You may have a defective remote, also. It may not be sending all the IR signals. Before you do anything drastic (like buy a new remote) see if someone else can offer some ideas.


----------



## SABL

Found a few more but most searches come up with 0 answers.......

1177
2011


----------



## yustr

Is there not a scan function on the remote?

Maybe the channel up button :4-dontkno

If not, then there's always the brute force method; just try every combination of numbers until it works. There's only 9999 of them to try. :upset:


----------



## ebackhus

Can you take a picture of it and post it?


----------



## [email protected]

She says she just bought it, it's hard to believe that it has no brand name or model number anywhere on the remote. I don't recall ever seeing something like that. The manufacturer wants you to know who built it.

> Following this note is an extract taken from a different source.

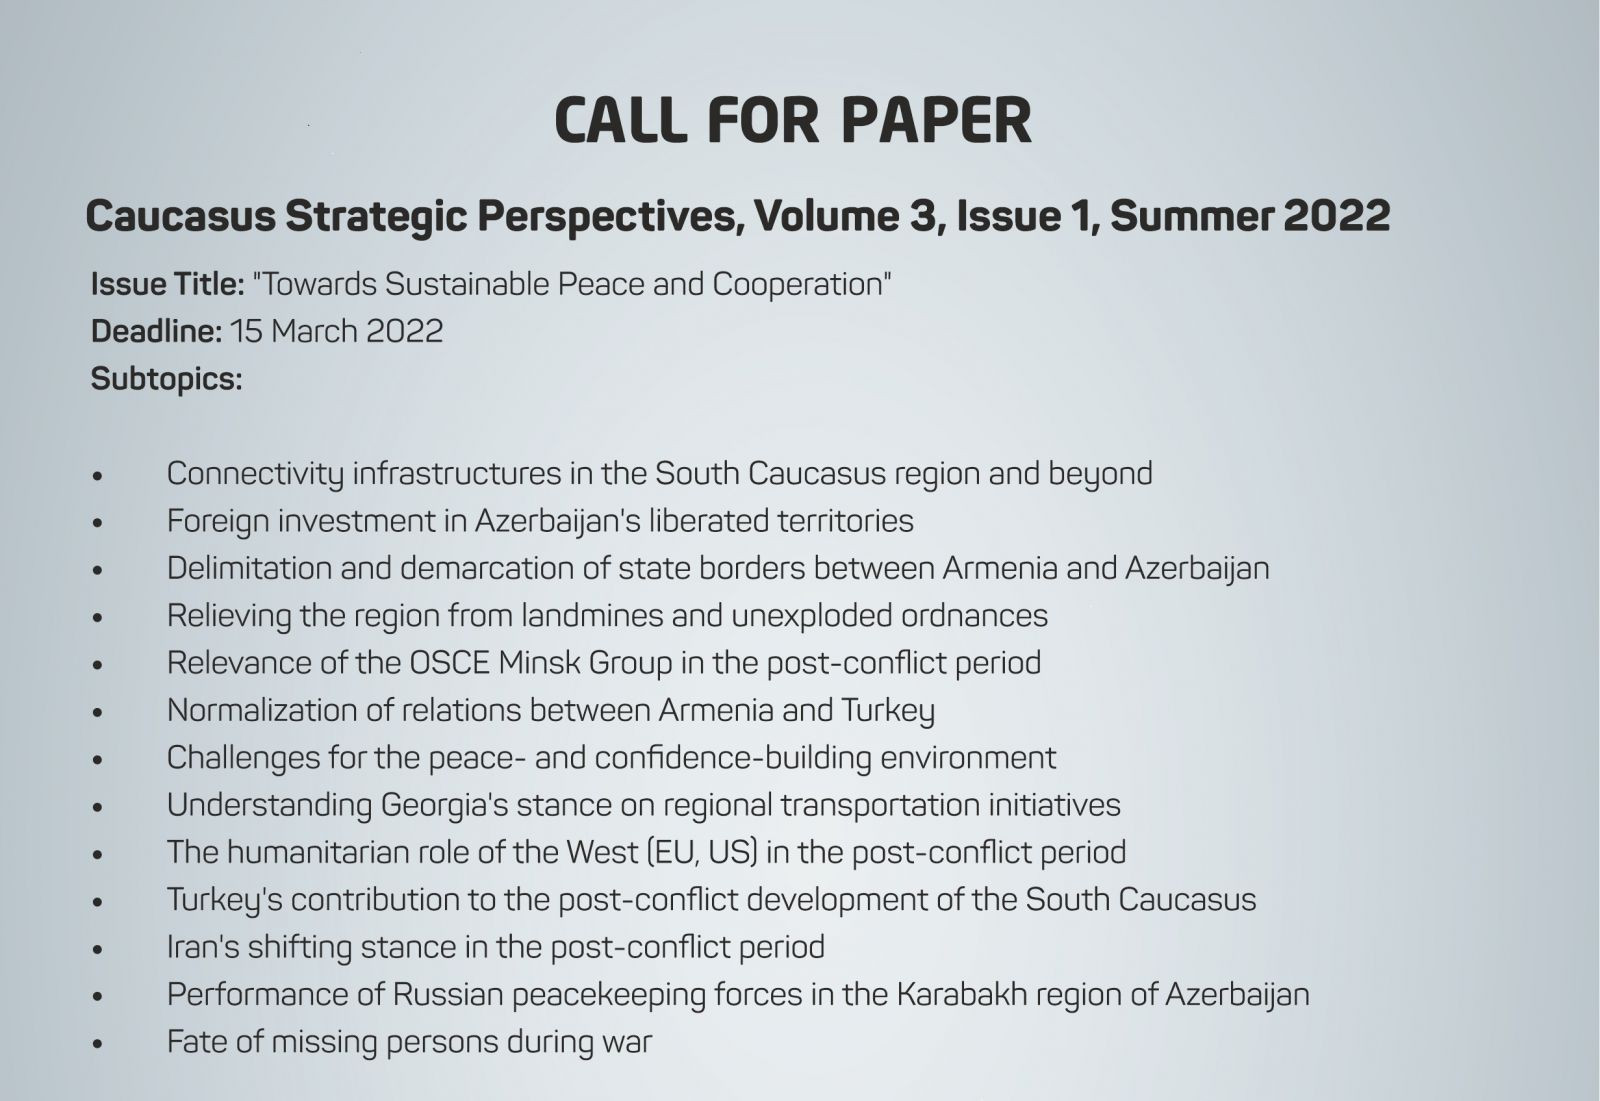 Call for Submissions - Caucasus Strategic Perspectives, Volume 3, Issue 1, Summer 2022

But let's assume it is an odd ball remote, the most common procedure to program a universal remote, with the TV 'On':

1) Press & hold the 'CodeSearch', 'Setup', 'Program', or 'Learn' (which ever one you have on your remote) button until a LED light comes on and stays on.
2) Press & release the 'TV' button. The LED should flash and then stay on steadily.
3) Press 'Channel Up' button repeatedly until the TV changes channels, press the 'Channel Down' button once to return to the proper code if you overshoot.
4) Press & release one of the keys mentioned in 1, the LED should go off. You can practice with just one 'Chan Up' press to see which key turns off the LED. My Univ. remote requires you press the 'Mute' key to record the setting.

Test the setting by pressing the TV key, then the Power button. Your TV should go off.


----------



## techie_girl

gave the remote to mother now for spare tv


----------